Top of Dataset

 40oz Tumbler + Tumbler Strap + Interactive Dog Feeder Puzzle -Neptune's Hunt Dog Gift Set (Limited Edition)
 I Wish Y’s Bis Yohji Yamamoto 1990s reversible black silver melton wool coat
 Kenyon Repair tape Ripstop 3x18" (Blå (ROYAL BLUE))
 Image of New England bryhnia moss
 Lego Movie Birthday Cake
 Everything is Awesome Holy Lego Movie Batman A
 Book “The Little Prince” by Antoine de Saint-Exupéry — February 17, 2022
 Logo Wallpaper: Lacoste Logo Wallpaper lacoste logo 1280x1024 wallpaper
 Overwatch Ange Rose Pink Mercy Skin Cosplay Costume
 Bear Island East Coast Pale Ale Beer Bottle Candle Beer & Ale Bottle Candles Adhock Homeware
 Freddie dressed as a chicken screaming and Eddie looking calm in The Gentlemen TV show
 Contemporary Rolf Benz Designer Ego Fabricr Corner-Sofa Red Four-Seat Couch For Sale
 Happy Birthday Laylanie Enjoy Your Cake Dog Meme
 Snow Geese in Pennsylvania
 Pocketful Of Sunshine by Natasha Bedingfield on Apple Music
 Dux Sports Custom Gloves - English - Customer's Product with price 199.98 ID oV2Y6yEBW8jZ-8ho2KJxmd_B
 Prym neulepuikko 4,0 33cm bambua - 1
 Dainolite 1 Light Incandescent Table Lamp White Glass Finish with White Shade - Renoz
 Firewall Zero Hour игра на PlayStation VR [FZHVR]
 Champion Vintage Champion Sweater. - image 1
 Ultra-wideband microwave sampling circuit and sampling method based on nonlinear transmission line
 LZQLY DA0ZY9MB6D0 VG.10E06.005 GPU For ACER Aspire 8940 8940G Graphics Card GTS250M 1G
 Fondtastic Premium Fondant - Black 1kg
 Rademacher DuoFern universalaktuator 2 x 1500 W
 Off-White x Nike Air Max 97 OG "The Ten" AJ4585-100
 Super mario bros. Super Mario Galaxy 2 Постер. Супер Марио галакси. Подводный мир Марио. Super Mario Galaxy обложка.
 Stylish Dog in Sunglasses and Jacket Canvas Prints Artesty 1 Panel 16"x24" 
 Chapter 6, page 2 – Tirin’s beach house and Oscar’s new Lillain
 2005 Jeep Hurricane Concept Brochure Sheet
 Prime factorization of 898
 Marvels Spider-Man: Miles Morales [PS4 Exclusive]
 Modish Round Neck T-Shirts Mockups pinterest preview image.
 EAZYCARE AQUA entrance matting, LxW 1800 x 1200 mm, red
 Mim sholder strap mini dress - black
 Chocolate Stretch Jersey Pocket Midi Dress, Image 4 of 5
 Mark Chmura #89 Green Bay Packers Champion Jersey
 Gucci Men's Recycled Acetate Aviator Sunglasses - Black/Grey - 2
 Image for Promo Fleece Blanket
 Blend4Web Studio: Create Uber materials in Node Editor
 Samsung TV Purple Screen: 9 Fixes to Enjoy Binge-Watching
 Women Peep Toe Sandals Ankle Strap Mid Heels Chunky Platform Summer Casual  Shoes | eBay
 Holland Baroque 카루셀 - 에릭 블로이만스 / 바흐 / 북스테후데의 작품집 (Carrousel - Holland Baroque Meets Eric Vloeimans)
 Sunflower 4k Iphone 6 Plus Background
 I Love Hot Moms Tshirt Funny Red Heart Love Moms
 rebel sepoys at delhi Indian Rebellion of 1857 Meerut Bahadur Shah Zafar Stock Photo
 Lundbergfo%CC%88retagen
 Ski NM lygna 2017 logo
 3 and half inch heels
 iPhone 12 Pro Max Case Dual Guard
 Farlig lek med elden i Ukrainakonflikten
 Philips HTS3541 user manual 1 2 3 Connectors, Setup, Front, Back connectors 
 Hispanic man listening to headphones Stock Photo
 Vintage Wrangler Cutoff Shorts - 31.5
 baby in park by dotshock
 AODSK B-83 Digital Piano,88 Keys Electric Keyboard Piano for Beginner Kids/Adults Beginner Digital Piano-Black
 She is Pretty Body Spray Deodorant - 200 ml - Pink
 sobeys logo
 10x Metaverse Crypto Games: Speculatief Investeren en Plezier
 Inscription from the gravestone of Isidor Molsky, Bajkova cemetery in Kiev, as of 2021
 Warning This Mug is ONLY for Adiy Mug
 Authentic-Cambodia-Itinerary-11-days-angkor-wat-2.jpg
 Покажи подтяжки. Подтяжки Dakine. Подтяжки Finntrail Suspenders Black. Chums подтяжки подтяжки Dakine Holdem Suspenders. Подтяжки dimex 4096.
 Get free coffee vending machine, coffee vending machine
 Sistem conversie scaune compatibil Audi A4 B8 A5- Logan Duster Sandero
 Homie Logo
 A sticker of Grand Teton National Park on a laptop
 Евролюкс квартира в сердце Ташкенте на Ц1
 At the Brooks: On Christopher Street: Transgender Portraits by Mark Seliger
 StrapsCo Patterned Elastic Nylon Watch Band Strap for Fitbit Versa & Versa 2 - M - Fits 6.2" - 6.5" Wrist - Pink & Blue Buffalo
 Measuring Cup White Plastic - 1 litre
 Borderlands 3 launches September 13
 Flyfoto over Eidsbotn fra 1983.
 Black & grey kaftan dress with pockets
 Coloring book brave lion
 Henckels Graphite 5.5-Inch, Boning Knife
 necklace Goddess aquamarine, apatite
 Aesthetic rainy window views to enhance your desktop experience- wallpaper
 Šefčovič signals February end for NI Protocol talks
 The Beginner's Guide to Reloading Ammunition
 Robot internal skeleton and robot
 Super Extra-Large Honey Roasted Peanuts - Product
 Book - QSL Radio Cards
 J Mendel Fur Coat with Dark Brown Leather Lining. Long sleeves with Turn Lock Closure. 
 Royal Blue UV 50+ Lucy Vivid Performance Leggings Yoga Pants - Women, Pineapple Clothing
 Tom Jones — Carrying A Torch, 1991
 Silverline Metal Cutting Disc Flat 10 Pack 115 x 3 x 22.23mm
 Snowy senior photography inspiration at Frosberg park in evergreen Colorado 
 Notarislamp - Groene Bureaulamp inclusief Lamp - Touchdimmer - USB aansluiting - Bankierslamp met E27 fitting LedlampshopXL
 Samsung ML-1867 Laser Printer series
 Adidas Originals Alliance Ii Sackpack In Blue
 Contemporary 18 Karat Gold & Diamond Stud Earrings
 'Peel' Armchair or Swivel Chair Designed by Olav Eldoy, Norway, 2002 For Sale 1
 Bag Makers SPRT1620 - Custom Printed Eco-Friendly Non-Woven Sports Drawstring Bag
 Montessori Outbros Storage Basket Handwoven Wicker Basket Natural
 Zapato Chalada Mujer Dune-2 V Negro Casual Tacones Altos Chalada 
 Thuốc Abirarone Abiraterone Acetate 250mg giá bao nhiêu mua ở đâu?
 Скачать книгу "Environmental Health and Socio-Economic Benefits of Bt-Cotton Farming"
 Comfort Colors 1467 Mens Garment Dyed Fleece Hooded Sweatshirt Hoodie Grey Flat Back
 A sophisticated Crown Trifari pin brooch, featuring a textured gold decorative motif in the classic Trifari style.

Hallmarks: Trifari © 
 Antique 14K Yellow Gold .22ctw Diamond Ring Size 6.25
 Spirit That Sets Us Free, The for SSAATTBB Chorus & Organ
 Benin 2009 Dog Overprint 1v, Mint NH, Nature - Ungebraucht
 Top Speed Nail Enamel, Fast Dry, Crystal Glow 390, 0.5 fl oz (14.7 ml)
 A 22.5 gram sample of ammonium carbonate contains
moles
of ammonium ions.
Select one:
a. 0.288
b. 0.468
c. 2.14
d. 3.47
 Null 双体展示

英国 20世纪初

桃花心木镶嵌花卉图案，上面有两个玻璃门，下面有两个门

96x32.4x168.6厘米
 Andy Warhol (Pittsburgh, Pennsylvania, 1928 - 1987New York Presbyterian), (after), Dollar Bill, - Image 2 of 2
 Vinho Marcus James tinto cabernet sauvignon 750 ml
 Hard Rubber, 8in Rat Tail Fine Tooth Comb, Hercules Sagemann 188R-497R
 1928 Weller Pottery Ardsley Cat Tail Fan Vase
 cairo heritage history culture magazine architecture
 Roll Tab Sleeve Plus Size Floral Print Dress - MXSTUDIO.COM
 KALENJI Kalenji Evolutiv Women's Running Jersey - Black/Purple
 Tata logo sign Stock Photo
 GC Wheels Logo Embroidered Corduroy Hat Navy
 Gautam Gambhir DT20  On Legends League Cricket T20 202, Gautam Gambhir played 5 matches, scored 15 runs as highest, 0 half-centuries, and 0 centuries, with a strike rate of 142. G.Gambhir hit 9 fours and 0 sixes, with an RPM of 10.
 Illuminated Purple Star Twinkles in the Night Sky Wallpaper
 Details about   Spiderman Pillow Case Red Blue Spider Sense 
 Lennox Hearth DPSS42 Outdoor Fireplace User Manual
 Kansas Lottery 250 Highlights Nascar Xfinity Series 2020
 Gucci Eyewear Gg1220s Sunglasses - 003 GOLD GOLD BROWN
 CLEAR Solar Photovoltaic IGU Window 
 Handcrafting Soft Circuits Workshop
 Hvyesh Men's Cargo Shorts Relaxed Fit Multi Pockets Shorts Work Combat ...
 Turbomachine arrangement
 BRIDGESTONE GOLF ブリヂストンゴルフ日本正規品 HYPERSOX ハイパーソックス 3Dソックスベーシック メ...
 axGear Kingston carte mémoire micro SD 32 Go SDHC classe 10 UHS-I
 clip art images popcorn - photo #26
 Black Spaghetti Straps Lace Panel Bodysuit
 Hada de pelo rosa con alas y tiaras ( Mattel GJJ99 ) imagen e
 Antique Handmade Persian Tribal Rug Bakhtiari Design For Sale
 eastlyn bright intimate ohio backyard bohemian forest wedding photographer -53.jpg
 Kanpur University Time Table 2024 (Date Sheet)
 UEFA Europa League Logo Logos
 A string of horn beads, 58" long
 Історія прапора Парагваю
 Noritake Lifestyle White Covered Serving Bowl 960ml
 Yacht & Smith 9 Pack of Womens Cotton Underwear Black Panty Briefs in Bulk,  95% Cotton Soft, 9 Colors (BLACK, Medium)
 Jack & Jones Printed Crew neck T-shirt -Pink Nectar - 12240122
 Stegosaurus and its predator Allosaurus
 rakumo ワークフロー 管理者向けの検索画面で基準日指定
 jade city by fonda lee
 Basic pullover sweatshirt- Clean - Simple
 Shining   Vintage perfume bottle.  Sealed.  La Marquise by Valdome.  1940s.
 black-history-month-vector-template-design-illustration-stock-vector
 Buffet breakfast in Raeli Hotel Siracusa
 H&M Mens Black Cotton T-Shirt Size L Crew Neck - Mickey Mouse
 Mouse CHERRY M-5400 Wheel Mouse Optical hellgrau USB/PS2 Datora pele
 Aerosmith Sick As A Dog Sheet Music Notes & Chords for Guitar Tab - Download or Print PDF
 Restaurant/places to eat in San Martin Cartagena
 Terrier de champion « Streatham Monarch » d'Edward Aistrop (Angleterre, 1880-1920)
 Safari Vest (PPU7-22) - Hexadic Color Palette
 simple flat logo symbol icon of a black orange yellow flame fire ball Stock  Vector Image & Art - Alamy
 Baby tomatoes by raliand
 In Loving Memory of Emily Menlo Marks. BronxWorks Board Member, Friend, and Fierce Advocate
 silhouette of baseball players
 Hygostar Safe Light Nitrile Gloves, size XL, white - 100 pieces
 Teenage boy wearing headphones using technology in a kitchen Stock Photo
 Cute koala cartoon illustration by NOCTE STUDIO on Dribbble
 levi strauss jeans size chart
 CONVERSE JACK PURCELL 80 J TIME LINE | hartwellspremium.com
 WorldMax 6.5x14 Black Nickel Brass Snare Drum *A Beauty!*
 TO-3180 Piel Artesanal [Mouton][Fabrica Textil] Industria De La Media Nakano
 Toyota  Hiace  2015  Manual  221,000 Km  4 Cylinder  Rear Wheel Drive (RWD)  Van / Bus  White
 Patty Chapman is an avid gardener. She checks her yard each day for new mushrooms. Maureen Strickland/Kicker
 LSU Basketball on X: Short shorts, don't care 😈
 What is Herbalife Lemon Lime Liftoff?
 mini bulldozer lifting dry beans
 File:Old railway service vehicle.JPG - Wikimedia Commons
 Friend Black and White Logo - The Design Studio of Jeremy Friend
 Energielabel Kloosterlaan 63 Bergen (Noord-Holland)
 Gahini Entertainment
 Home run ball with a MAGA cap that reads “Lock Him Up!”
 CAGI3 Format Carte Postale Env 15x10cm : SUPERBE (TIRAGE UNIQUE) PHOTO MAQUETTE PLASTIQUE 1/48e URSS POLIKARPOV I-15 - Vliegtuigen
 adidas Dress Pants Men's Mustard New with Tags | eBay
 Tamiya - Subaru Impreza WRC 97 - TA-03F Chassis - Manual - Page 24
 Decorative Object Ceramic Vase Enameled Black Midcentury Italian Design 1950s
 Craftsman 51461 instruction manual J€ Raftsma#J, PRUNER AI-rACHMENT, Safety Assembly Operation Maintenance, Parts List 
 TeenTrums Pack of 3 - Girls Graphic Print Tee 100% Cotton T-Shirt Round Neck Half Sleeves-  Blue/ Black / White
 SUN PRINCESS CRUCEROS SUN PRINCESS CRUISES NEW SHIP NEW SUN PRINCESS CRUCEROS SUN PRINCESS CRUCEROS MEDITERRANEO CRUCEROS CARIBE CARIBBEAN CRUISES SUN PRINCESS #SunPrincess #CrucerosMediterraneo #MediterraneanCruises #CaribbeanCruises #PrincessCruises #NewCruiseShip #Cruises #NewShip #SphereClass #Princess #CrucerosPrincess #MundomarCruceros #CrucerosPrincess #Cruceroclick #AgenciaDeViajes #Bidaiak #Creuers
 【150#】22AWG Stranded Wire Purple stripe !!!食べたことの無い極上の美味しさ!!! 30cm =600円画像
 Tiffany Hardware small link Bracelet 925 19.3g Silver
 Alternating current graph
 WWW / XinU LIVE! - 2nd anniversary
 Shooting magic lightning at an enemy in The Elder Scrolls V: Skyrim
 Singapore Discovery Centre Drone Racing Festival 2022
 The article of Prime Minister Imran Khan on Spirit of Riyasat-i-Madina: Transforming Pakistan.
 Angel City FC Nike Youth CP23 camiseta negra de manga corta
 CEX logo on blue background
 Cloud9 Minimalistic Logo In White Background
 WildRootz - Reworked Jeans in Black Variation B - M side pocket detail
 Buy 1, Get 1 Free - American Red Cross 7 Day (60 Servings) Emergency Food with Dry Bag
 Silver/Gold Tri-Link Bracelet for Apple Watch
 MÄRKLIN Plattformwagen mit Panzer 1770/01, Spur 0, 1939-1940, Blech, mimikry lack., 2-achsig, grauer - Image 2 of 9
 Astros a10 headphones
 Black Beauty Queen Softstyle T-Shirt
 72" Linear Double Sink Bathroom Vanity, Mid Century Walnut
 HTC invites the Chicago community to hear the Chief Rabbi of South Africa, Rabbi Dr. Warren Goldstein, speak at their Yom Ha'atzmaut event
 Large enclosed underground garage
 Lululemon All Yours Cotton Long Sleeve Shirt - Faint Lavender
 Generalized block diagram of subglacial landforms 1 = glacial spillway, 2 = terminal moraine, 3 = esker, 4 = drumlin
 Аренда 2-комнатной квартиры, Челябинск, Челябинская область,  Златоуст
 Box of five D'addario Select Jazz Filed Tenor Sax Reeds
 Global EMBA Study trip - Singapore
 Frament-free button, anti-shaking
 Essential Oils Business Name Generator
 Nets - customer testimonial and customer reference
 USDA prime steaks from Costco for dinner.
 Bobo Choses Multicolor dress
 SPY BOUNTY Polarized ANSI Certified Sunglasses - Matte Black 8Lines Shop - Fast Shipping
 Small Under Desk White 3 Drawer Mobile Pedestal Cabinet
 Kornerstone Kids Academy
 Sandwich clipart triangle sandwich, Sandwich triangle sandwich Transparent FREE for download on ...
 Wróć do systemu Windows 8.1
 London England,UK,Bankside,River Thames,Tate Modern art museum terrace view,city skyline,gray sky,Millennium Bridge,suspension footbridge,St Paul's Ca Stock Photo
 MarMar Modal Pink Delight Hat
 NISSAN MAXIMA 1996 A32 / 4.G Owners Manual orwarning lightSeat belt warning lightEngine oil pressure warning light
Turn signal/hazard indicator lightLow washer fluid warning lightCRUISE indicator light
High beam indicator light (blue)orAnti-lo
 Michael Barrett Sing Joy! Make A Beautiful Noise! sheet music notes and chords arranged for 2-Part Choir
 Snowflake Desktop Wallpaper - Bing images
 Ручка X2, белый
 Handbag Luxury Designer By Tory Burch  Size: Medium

Bottom of Dataset

• _Task brief_
Only one stretch of the records above is wanted: the lines between the one holding "Zapato Chalada Mujer" and the one holding "Handcrafting Soft Circuits Workshop", inclusive, reproduced exactly.

• _Output for this exercise_
 Zapato Chalada Mujer Dune-2 V Negro Casual Tacones Altos Chalada 
 Thuốc Abirarone Abiraterone Acetate 250mg giá bao nhiêu mua ở đâu?
 Скачать книгу "Environmental Health and Socio-Economic Benefits of Bt-Cotton Farming"
 Comfort Colors 1467 Mens Garment Dyed Fleece Hooded Sweatshirt Hoodie Grey Flat Back
 A sophisticated Crown Trifari pin brooch, featuring a textured gold decorative motif in the classic Trifari style.

Hallmarks: Trifari © 
 Antique 14K Yellow Gold .22ctw Diamond Ring Size 6.25
 Spirit That Sets Us Free, The for SSAATTBB Chorus & Organ
 Benin 2009 Dog Overprint 1v, Mint NH, Nature - Ungebraucht
 Top Speed Nail Enamel, Fast Dry, Crystal Glow 390, 0.5 fl oz (14.7 ml)
 A 22.5 gram sample of ammonium carbonate contains
moles
of ammonium ions.
Select one:
a. 0.288
b. 0.468
c. 2.14
d. 3.47
 Null 双体展示

英国 20世纪初

桃花心木镶嵌花卉图案，上面有两个玻璃门，下面有两个门

96x32.4x168.6厘米
 Andy Warhol (Pittsburgh, Pennsylvania, 1928 - 1987New York Presbyterian), (after), Dollar Bill, - Image 2 of 2
 Vinho Marcus James tinto cabernet sauvignon 750 ml
 Hard Rubber, 8in Rat Tail Fine Tooth Comb, Hercules Sagemann 188R-497R
 1928 Weller Pottery Ardsley Cat Tail Fan Vase
 cairo heritage history culture magazine architecture
 Roll Tab Sleeve Plus Size Floral Print Dress - MXSTUDIO.COM
 KALENJI Kalenji Evolutiv Women's Running Jersey - Black/Purple
 Tata logo sign Stock Photo
 GC Wheels Logo Embroidered Corduroy Hat Navy
 Gautam Gambhir DT20  On Legends League Cricket T20 202, Gautam Gambhir played 5 matches, scored 15 runs as highest, 0 half-centuries, and 0 centuries, with a strike rate of 142. G.Gambhir hit 9 fours and 0 sixes, with an RPM of 10.
 Illuminated Purple Star Twinkles in the Night Sky Wallpaper
 Details about   Spiderman Pillow Case Red Blue Spider Sense 
 Lennox Hearth DPSS42 Outdoor Fireplace User Manual
 Kansas Lottery 250 Highlights Nascar Xfinity Series 2020
 Gucci Eyewear Gg1220s Sunglasses - 003 GOLD GOLD BROWN
 CLEAR Solar Photovoltaic IGU Window 
 Handcrafting Soft Circuits Workshop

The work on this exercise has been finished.